Шеф вытаптывал роскошный ковёр, пытаясь понять, что и зачем он делает. Чуть не впервые осознание ситуации не приходило. Он всегда отлично знал, что и зачем он делает, будь это безупречная манипуляция, безответственная глупость или даже подлость. Или мелкая интрижка. И чуть не единственный раз в не такой уж и малой жизни он не чуял, как, когда и куда изменится направление, откуда дует ветер и к каким изменениям его личного микроклимата это приведёт. Кажется, не он выбирал направление движения. Впервые.
Загудел телефон.
– Алексей Николаевич, Елена Кручинина, – негромко и, как положено, официально проговорила Лилия Владимировна в селектор.
– Пусть зайдёт! – зло рявкнул он в ответ.
Секретарша отключилась. Чавкнула магнитным замком дверь, и Лена спокойно зашла в кабинет.
– Здравствуйте, Алексей Николаевич, – спокойно сказала она, но глаза были куда живее тех, дневных, публичных.
– Здравствуйте, Кручинина.
В воздухе повисла некоторая неловкость. Ему не хотелось говорить бодрых нелепиц и общепринятых глупостей. Они стояли друг напротив друга в огромном, щедро обставленном кабинете с парой столов, составленных буквой Т, целой батареей стульев, роскошным письменным столом самого Шефа, диваном, креслами, журнальным столиком, книжными шкафами и так далее.

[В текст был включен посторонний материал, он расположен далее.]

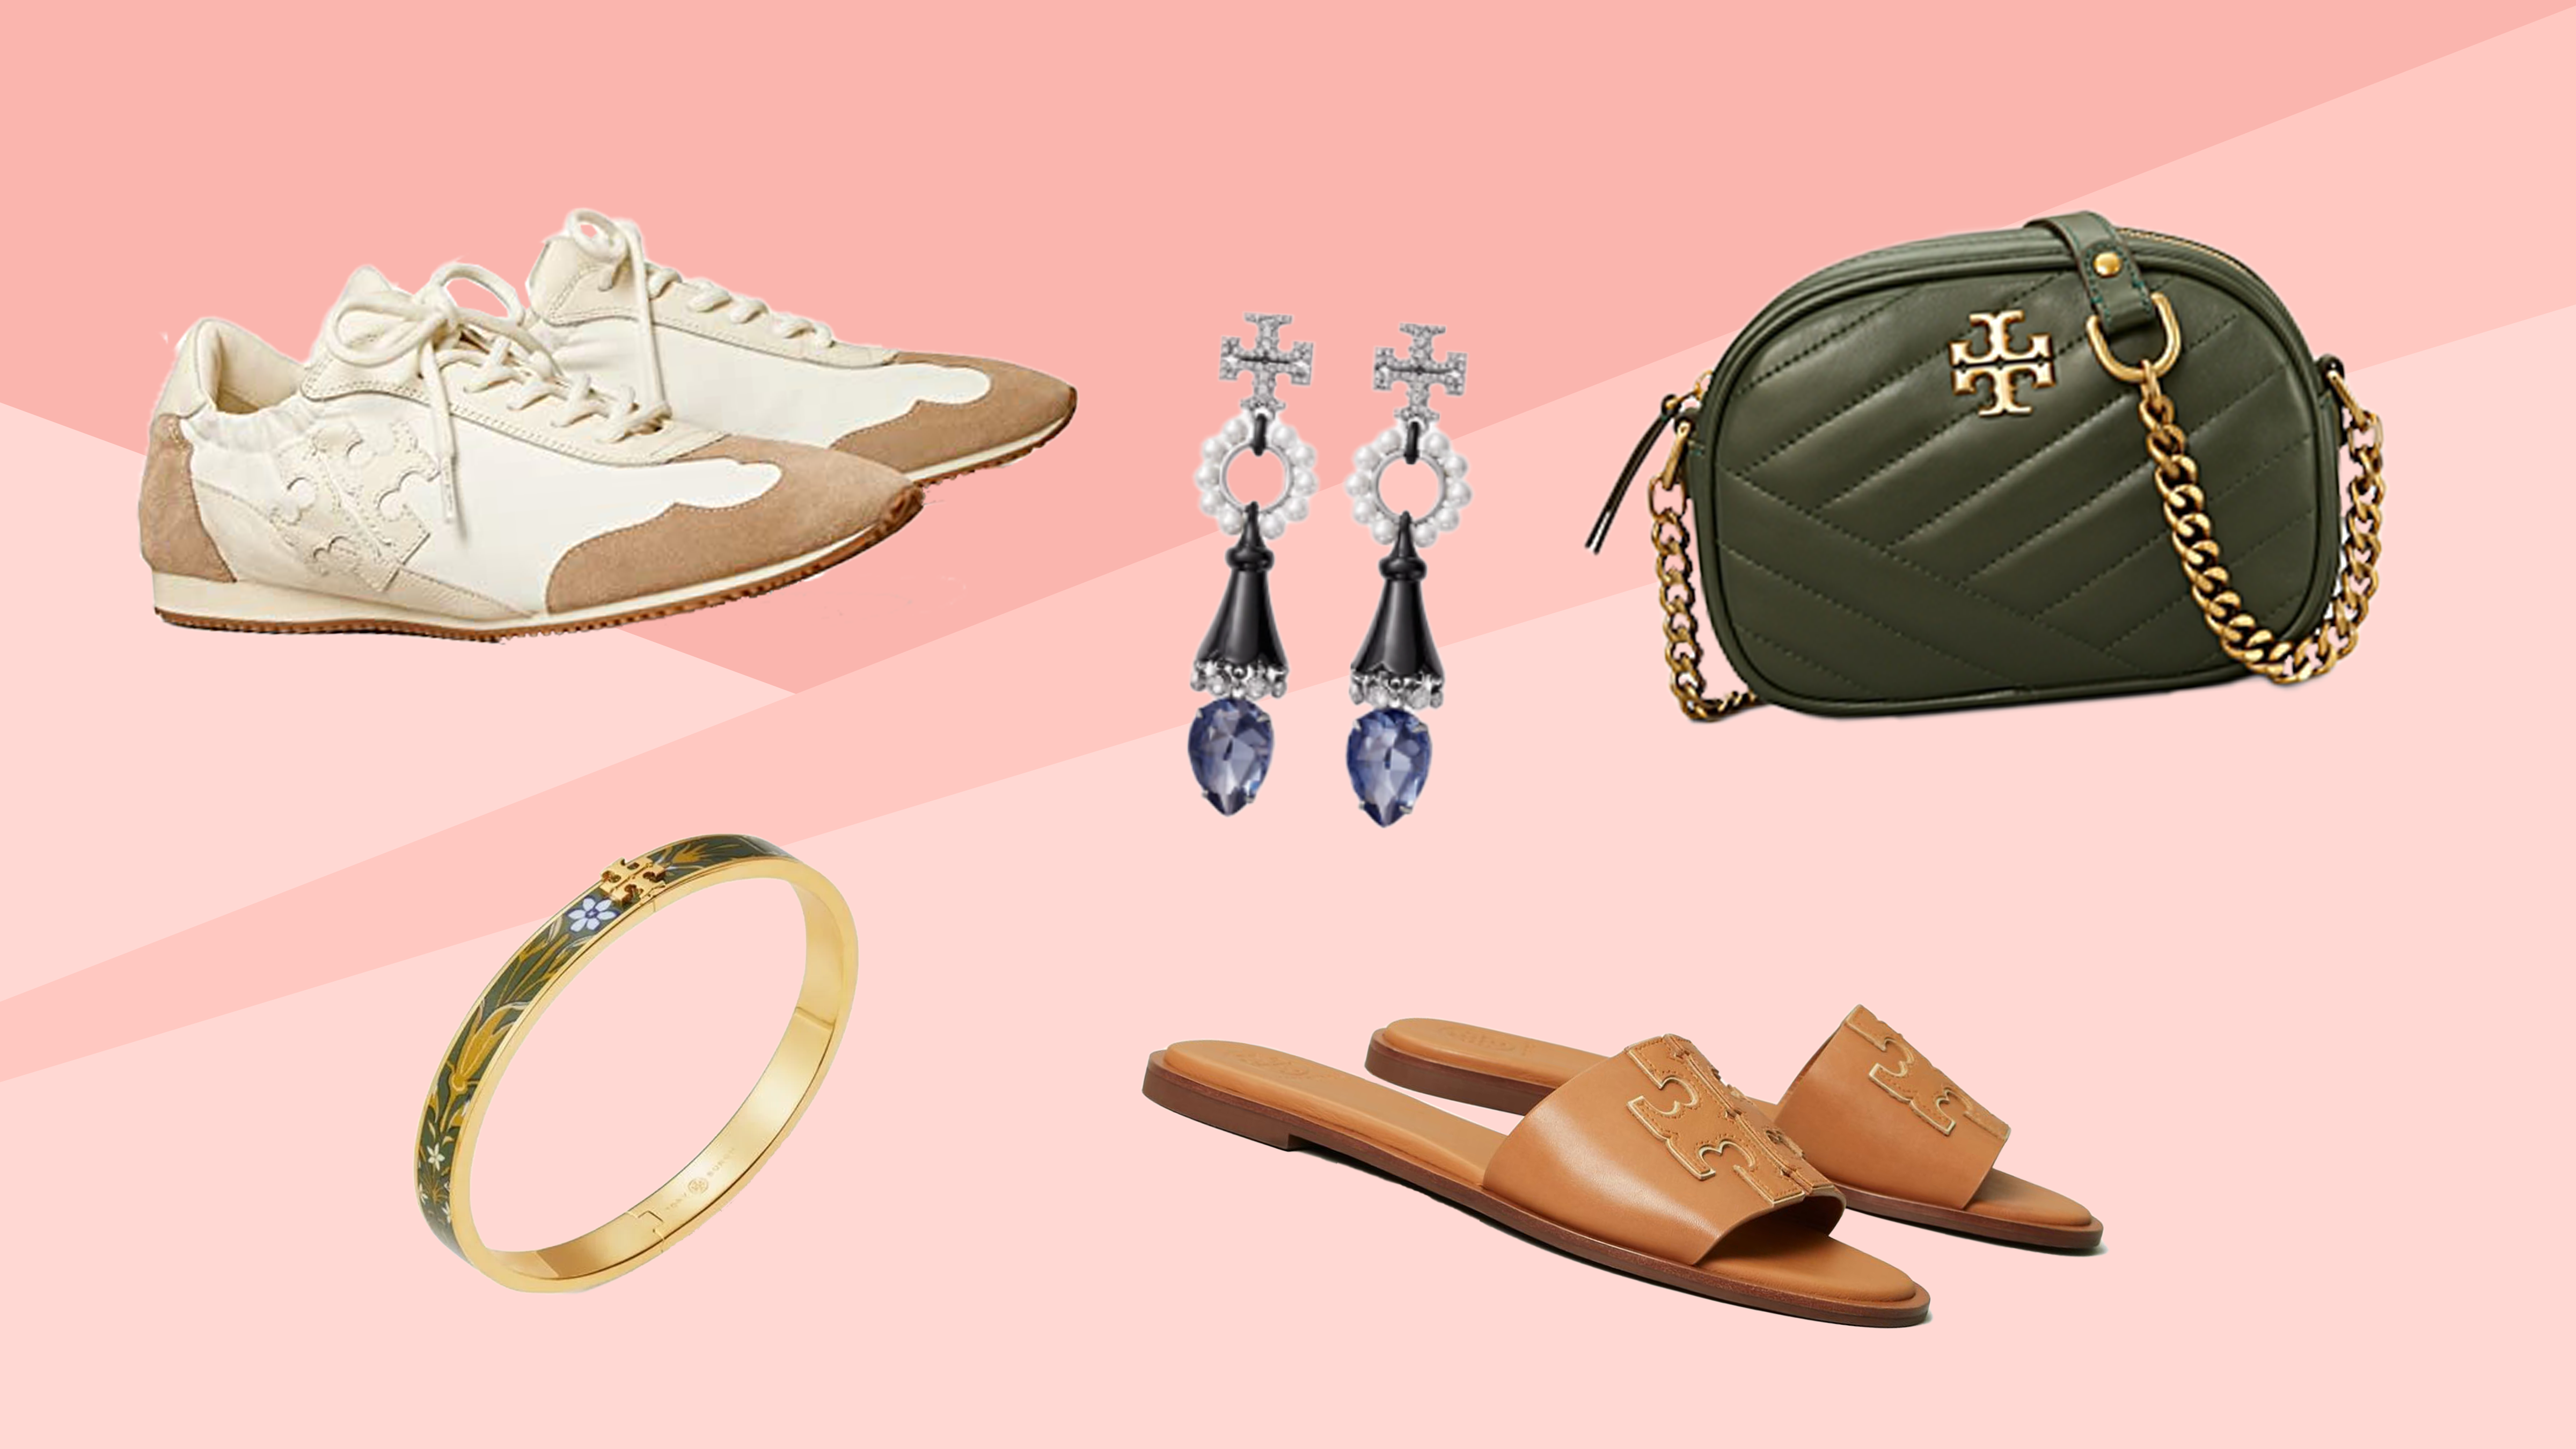 Tory Burch: Save big on purses, shoes and clothing for spring

– А давайте выпьем кофе, Алексей Николаевич, – ожила студентка шестого курса Кручинина и первой обратилась к ректору медицинской академии Безымянному, нарушая субординацию: – У вас сыр есть?
– Российский, – отозвался он и подошёл к холодильнику, – я дорогих вонючек не люблю и у себя в белом друге не держу! – весело крикнул он из-за роскошной деревянной дверцы.
– Он у вас не белый а деревянный. – Девушка присела в кресло, стоящее у журнального столика. Вернее – села, подложив под себя ногу.
– Он сначала белый и только потом деревянный. – Шеф положил на стол сыр, нож и тарелку. И внимательно посмотрел на девушку, так вольготно расположившуюся в его кресле, да и вообще вписавшуюся в интерьер его кабинета как родная. – У тебя жутко толстые щиколотки, Кручинина, – сказал после паузы ректор медицинской академии и пошёл включать кофе-машину.
– А ты – страшный бабник, Безымянный. И гениальный прохвост, – ответила ему студентка шестого курса.
И оба они весело рассмеялись.
Позже – пили кофе, болтая в нём толстыми кусками сыра.
Ему не было так хорошо с тех самых пор, как он запускал в лужу кораблики. Вернее – с тех самых пор ему не было так свободно.
А ей – с того самого времени, когда ещё папа был всегда рядом. Спокойно.
Тот, кто свободен, всегда хуже владеет манипулятивными техниками, чем тот, кто спокоен.
– Слушай, Безымянный, все твои бабы всегда носили жемчуг. Я изучила вопрос.
– Весь? – Алексей Николаевич вытаращился с притворным ужасом.